Никуда. Мне вообще не свойственно чувство иронии. Это мой недостаток. Это не значит, что я не понимаю шуток, я и посмеяться могу, но в иронии заложен иной смысл, иной уровень отношений, и уловить этого я не могу. Так что во Франции со мной просто беда – в тамошних кафе все замечательно беседуют, и каждое второе предложение пронизано иронией. А я все воспринимаю буквально, отвечаю в лоб. Это ужасно, я сижу там как какой-то мужлан, который только и умеет что выращивать картофель. Это очень плохо. Как-то звонит мне мой друг, композитор Флориан Фрике, и, не изменяя голоса, произносит: «Я заместитель госсекретаря Министерства внутренних дел. Министр хотел бы с вами поговорить, могу я вас соединить?» Пять секунд в трубке царит тишина. И уже как министр он, опять не меняя голоса, продолжает: «Я министр и приношу вам глубочайшие извинения за полученное вами письмо о награждении вас кинопремией правительства Германии». А речь шла об очень крупной сумме для работы над следующим фильмом. И тут он произносит: «К сожалению, в министерстве ошиблись, премия присуждена не вам, а другому режиссеру. Примите наши извинения». Я остался холоден и спокоен, но был в таком шоке, что сказал: «В письме стоят три подписи, а это значит, что оно прошло через руки трех чиновников министерства. И вы еще отвечаете за охрану границ нашего государства. Что же происходит в вашем министерстве, вы мне можете ответить?» И тут он начал смеяться, остановиться не мог. И только тогда я сообразил, что это мой друг. А до того десять минут я разговаривал с заместителем государственного секретаря, с министром, – и разговаривал серьезно, – а он даже голос не изменил.

Есть ли, на ваш взгляд, сходство между Цише Брайтбартом, Каспаром Хаузером, Строшеком? Они рассказывают одну и ту же историю?

Нет, в фильмах рассказывается не одна и та же история. Цише Брайтбарт из тех людей, для кого гравитация, или сила притяжения Земли, нечто иное, чем для нас. Он может поднять тысячу фунтов. Приложить усилие, противоположное силе притяжения Земли. Или перетащить пароход через горы.

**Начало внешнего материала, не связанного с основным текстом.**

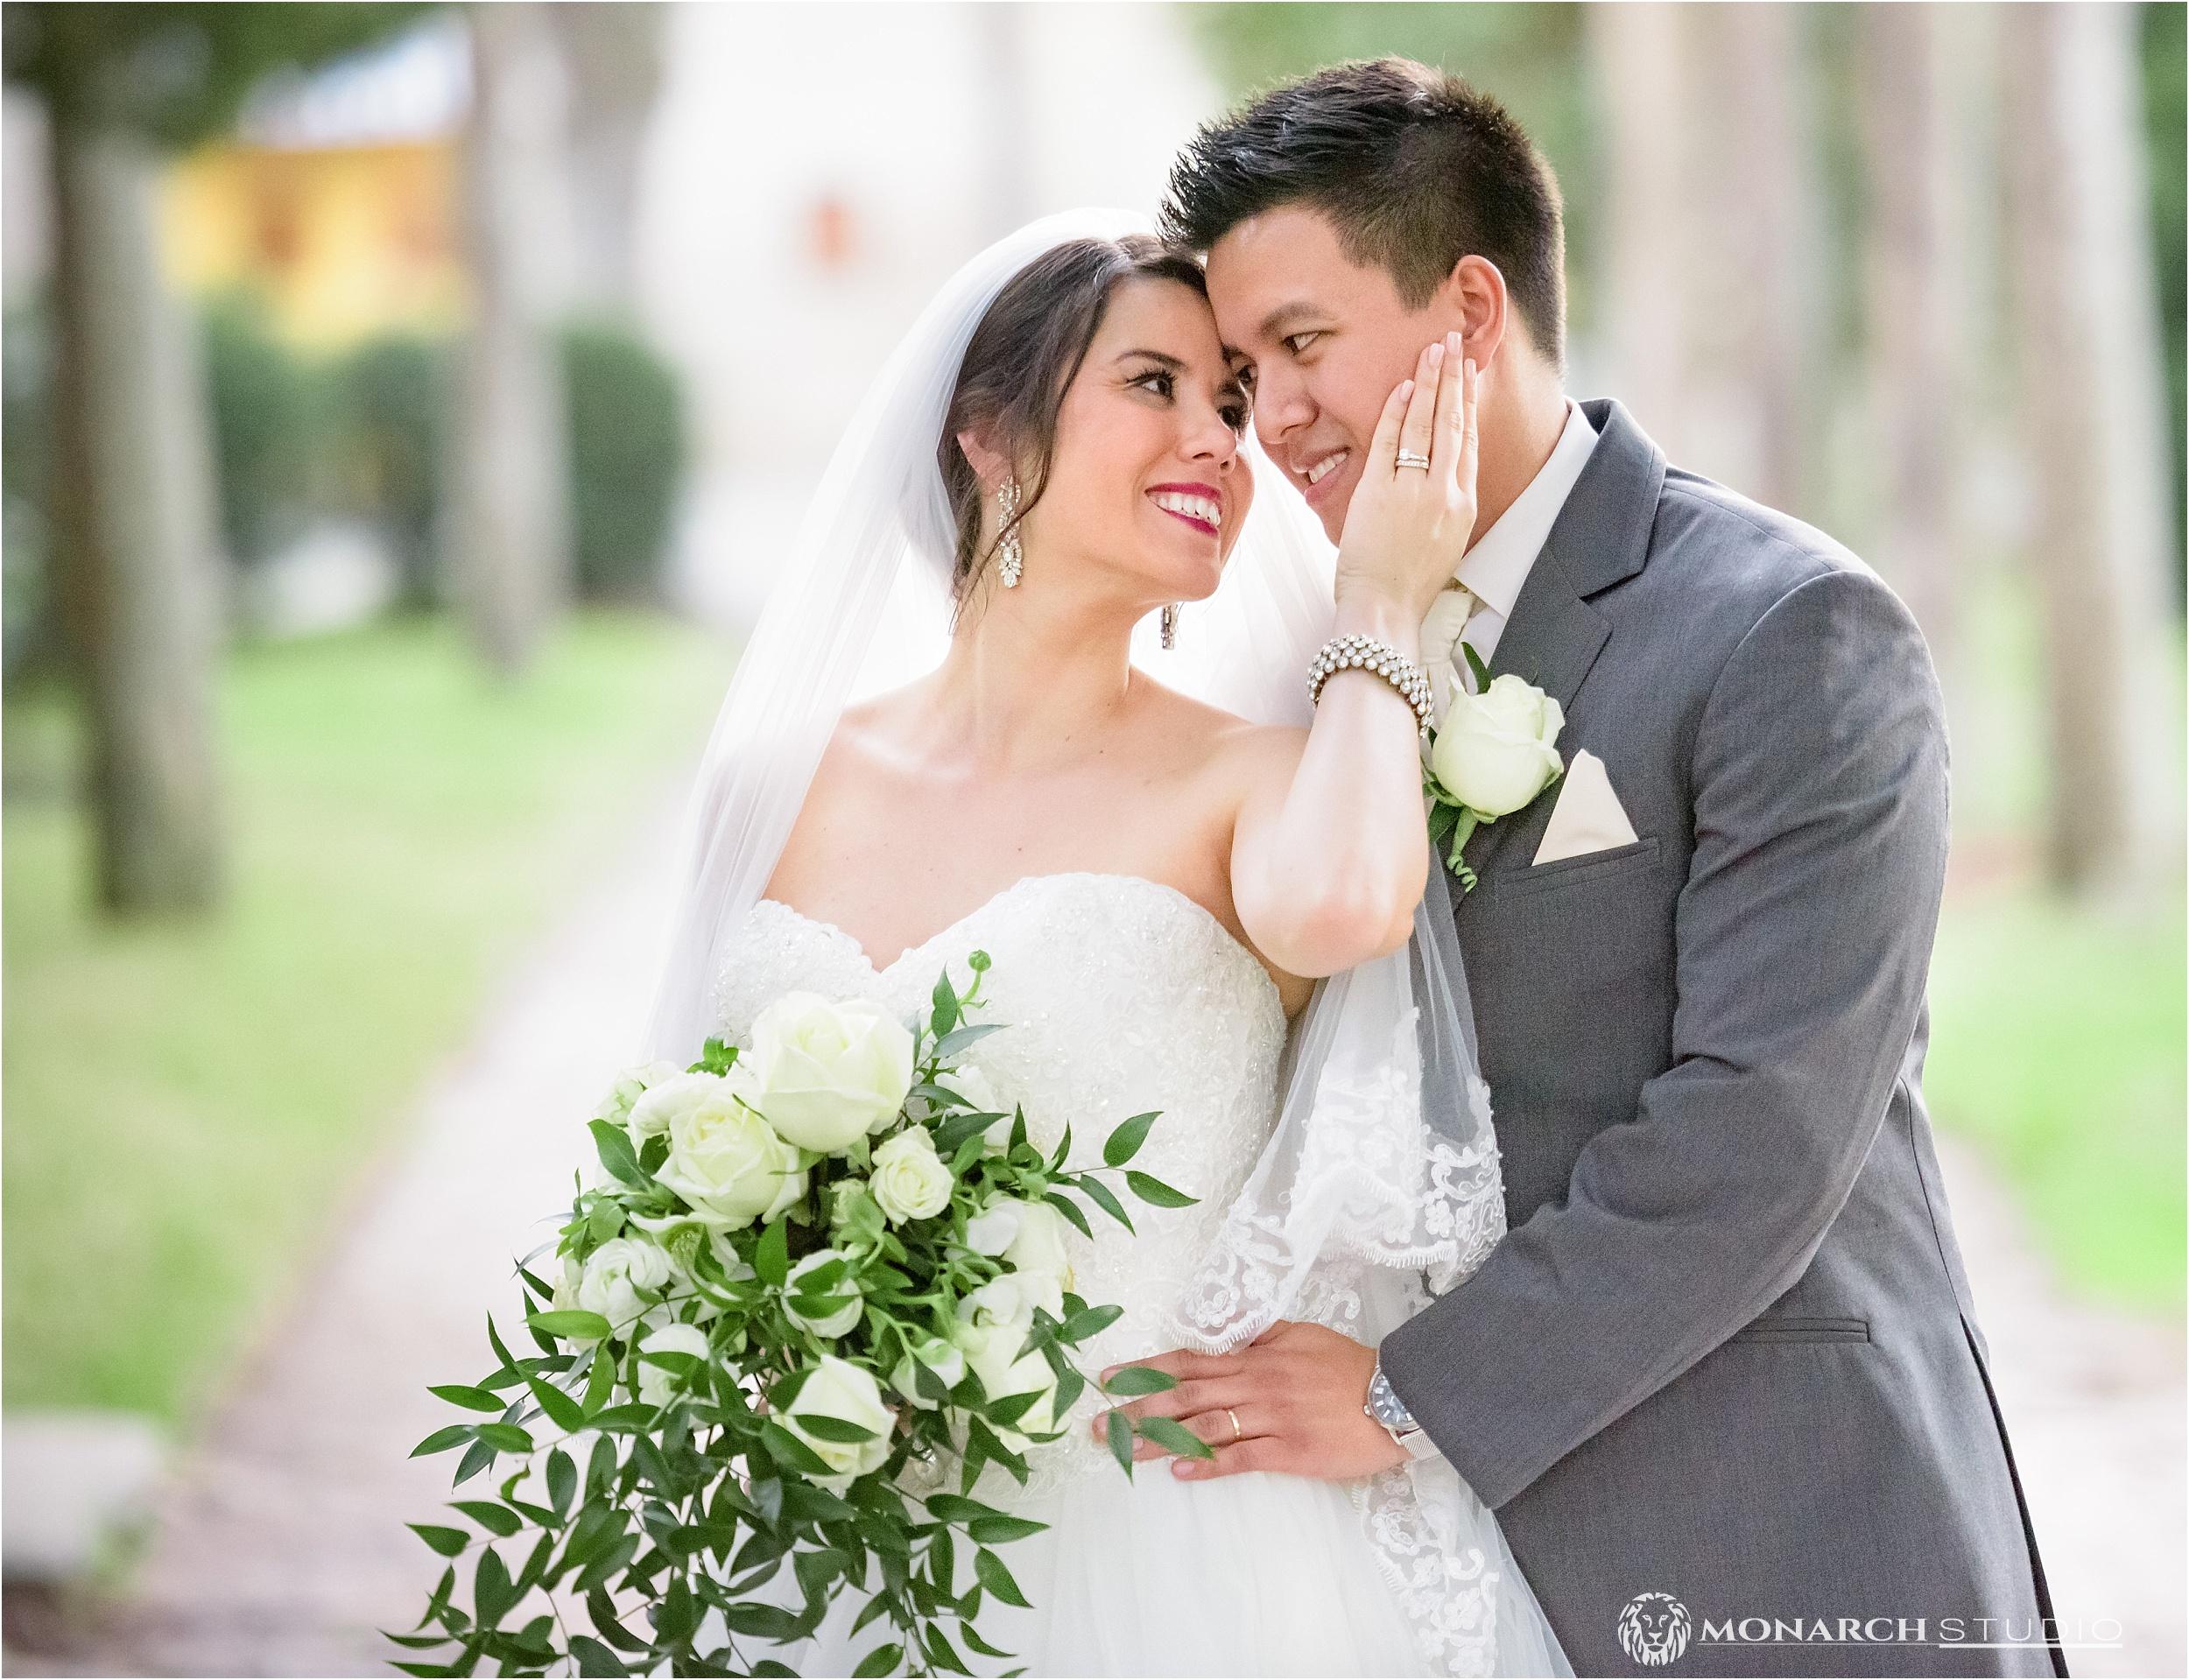 wedding-photographer-in-st-augustine-florida-treasury-073.jpg

В этом можно найти некое родство с другими моими героями. Но не запланированное, оно возникает спонтанно.

Почему для вас важно показать в кино физическую реальность столь аутентично?

Не ради эффекта реальности, тут совсем иное. На самом простейшем уровне это вопрос достоверности. Если вы тащите через горы 360-тонный корабль, вам любой ребенок скажет, что это компьютерный эффект, или подумает: «А, это точно была модель, пластиковая модель». То, что корабль настоящий и его тащат, я заставляю делать не ради натурализма или реализма. Это то, что я называю экстатической истиной. Это поиски некой глубочайшей истины, какую мы находим, например, в поэзии. Вот сейчас в библиотеке совершенно случайно я могу взять любую книгу – вот, выдающийся немецкий поэт. И если вы, например, заглянете хотя бы в одно стихотворение Гельдерлина, вы сразу же поймете, что в нем таится некая глубокая, особая, экстатическая истина. И этого же можно добиться и в кино. Если корабль тянут в гору, то это как некое гигантское видение, не имеющее ничего общего с реальностью, это событие из какого-то грандиозного оперного зрелища, какого-то фантастического бреда. И это можно найти во всех моих фильмах.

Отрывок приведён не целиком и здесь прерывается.